As seniors in Michigan face paying taxes on their pension and social security income 2012, with Governor Rick Snyder’s recently passed law giving a 1.5 billion dollar tax cut to C & S based corporations, a recent study finds one-third of Michigan’s seniors are considered “economically insecure”.

Beyond what the federal poverty rates cite, at least one in four seniors is on the other end of the economic scale struggles to make ends meet, according to the paper, “Invisible Poverty: New Measure Unveils Financial Hardship in Michigan’s Older Population.”
“There’s the popular perception that they have this nice car and their house is paid off and they travel the country. And that’s true for some,” said Thomas Jankowski, one of the study’s authors and associate director for research at Wayne State University’s Institute of Gerontology said to the Detroit Free Press 
“But others – many, many others – just skate on the edge of economic security,” he said.
In Michigan, the median income for a household headed by someone 65 and older is $32,392, based on the 2008 U.S. Census numbers used in the study. A majority of senior population household, 78,521 senior households in out of 813,013 or 9.7 %, to be exact, fall under the poverty threshold. That’s about $13,014 for a senior couple.
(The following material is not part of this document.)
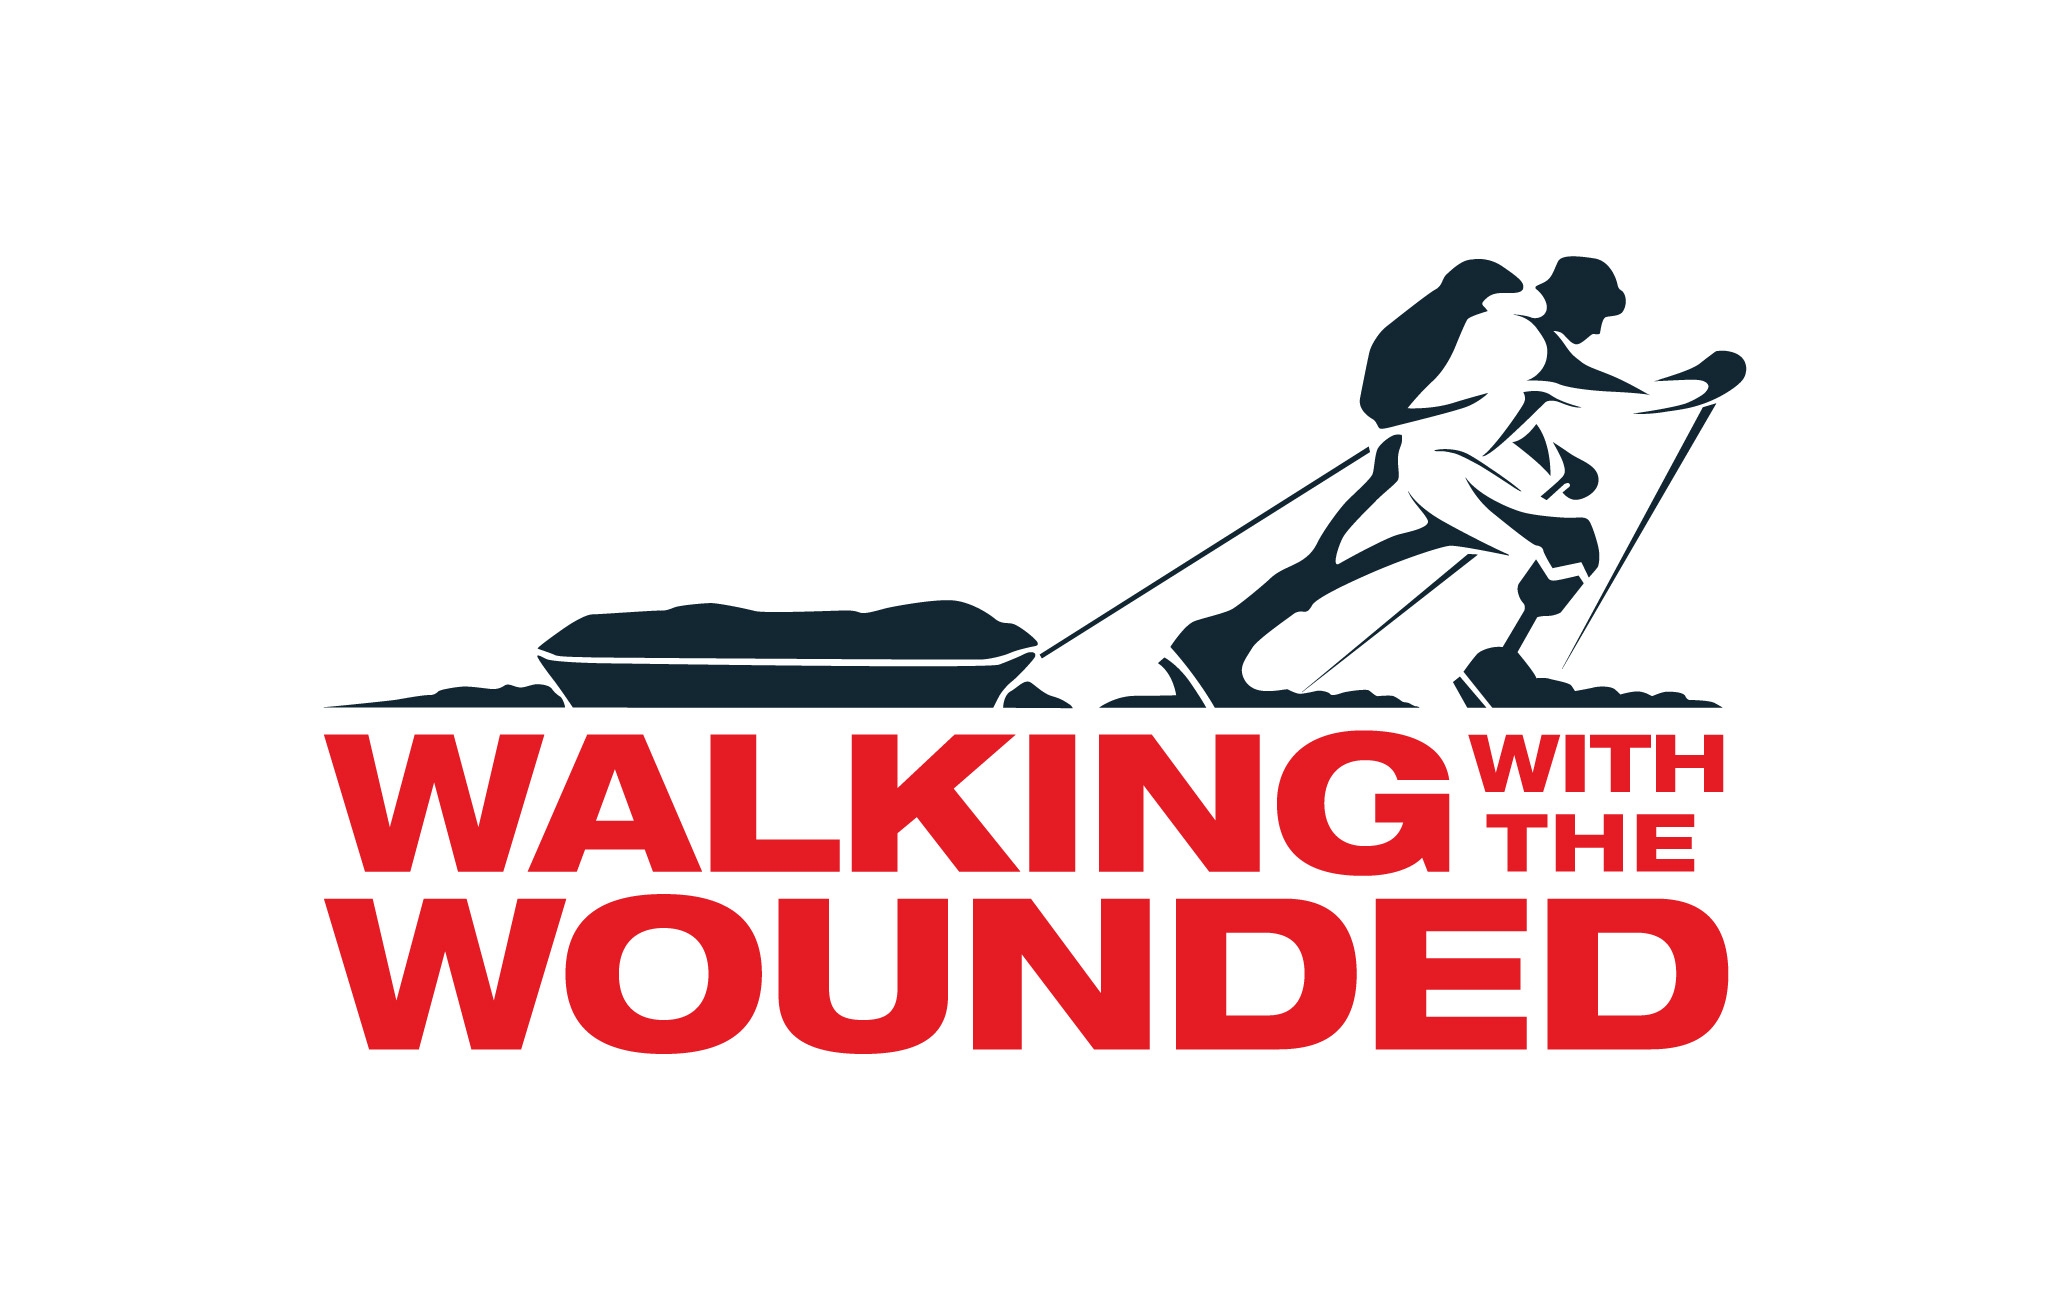 Walking-With-the-Wounded1.jpg

The study used the Elder Index which measures what the formula considers expenses typical to seniors, like ever-increasing out-of-pocket medical expenses. It also considers housing markets price differences and other living expenses that vary geographically.
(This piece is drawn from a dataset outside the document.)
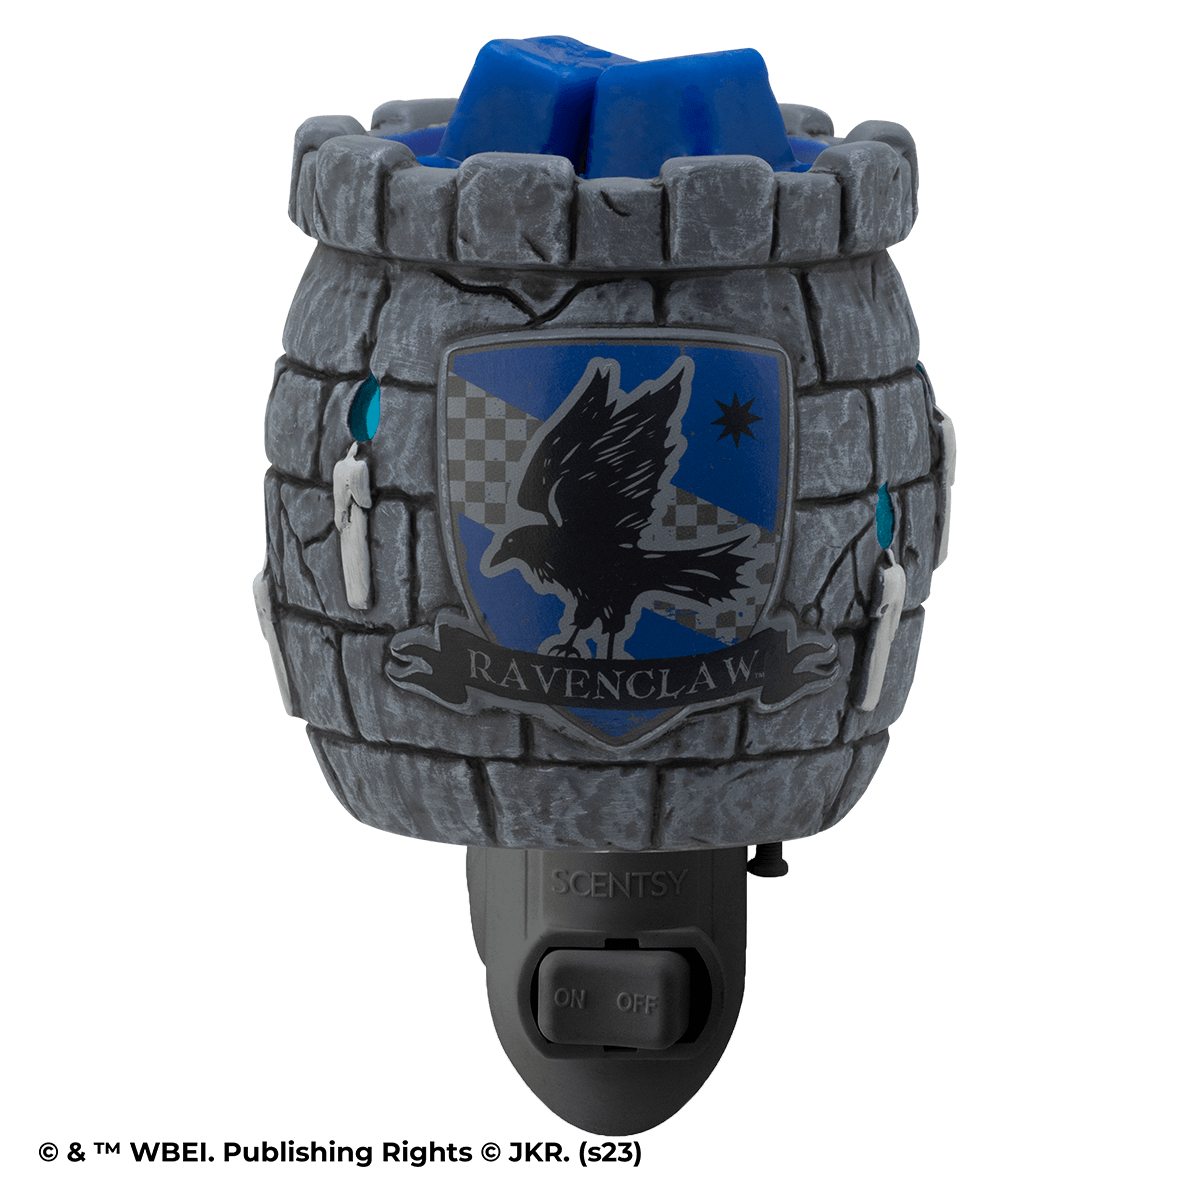 ScentsyMiniWarmer-RavenClaw.png

Using this factor of measurement, more than one in three seniors in Oakland and Macomb counties, or 35.3% and 36.8 % respectively were “economically insecure,” while 40.8 % of seniors in Wayne County were insecure.

In the end, no zip code in Michigan is free of senior population economic uncertainty.
“You might have seniors who bought this big fancy house when they were working, but now they have to pay property taxes on it, and they’re still struggling — especially now the (real estate) market has locked people in those houses," Jankowski cited about the study.